The antioxidant chemistry that is most beneficial to preventing this form of degradation are phenols. Turbo CC is an amine-only additive system. This problem does occur in turbine oil chemistries with mixed antioxidant systems, but not usually until the phenols are 20-30% of new. (Obviously, this percentage also depends upon the actual volume of phenolic antioxidants formulated into the turbine oil.)

You need an electrostatic separation unit (1-micron filters, including depth media cellulose filters, are ineffective at removing soft contaminants in an operating gas turbine lube system). You also need to sweeten your additive system by bleed & feed (not a big bang for your buck), drain & refill or additive replenishment (usually without the support of your lubricant supplier).

When you eventually replace the oil, you may consider purchasing a turbine oil with a mixed antioxidant system. Shell has some.
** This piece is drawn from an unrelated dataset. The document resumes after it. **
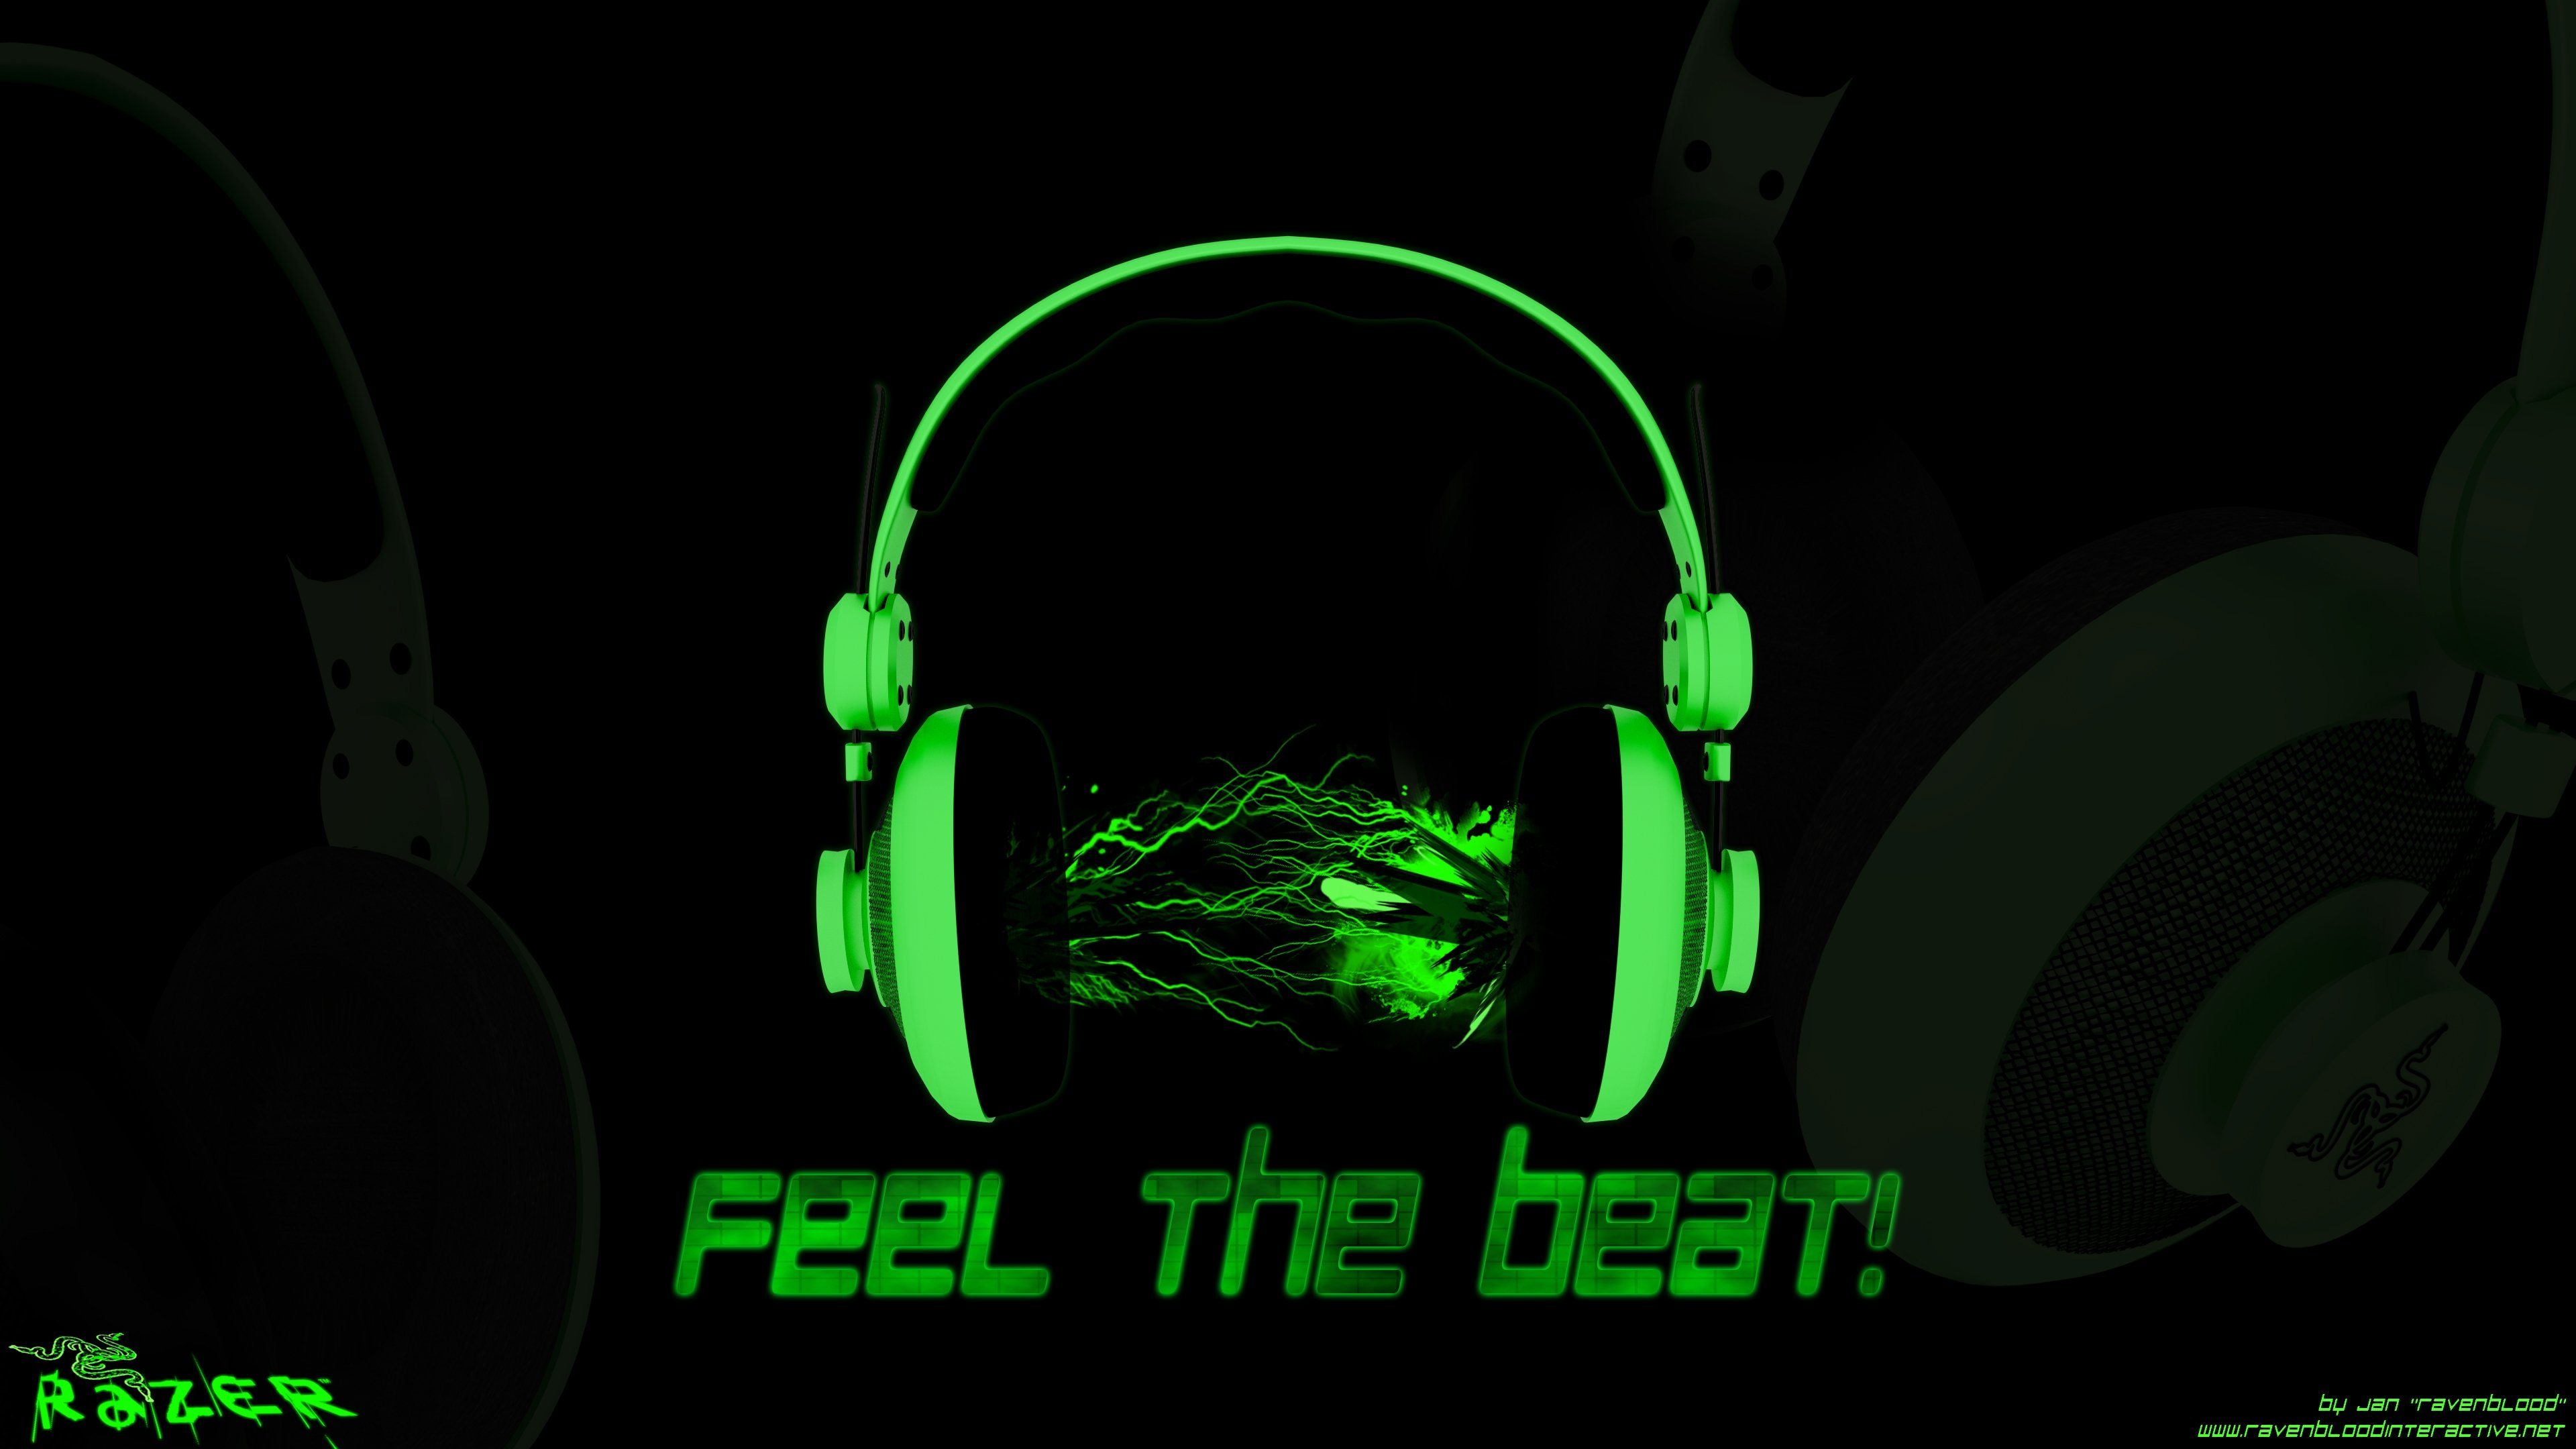 RAZER GAMING computer game headphones wallpaper 3840x2160 400633 3840x2160

Bottom line - the same phenomenon that you are seeing in the sample bottle is also occuring in low flow areas of your system and forming varnish. In a gas turbine, this is often the IGV line and explains why peaking/cycling units have the Monday morning blues. (Fail-to-start conditions due to IGV va**e sticking when you go to fire the unit and it has been on turning gear for the weekend.) I have a paper on this if you'd like further information. gregjlivingstone@yahoo.com
Last edited by greglivingstone
water can disso**e in oil .When the water content reaches the saturation point of the oil, it separates out and free water is formed as a solution and the oil looks cloudy. The solubility of water in oil depends on temperature and it encreases as the temperature rises. So at high temperature you have clear oil with water disso**ed in it and with cold oil you can see the water in oil that is already saturated
Regards
Reuven Sasson
ihsil@hotmail.com, Israel
This cloudy oil is a continuing issue here in the USA and although it is a good idea to check the basics first, water, Contamination, Pollen, other things through FTIR, the issue may be sludge or varnish. We are increasingly seeing some turbine oil which used to be pure mineral oils swinging formulation to a higher percentage of Group II base stock. Some of these oils have a higher sludging tendency. If you contact a good lab and request a full turbine lube ascessment including varnishing potential you may get to the problem sooner rather than later.

Take the advice of either Greg or andy. they both know what they are doing.

Labs see http://www.analystsinc.com
another http://www.bentlytribology.com
or http://www.focuslab.co.th

There are many others jus as qualified, but these are a few that we know.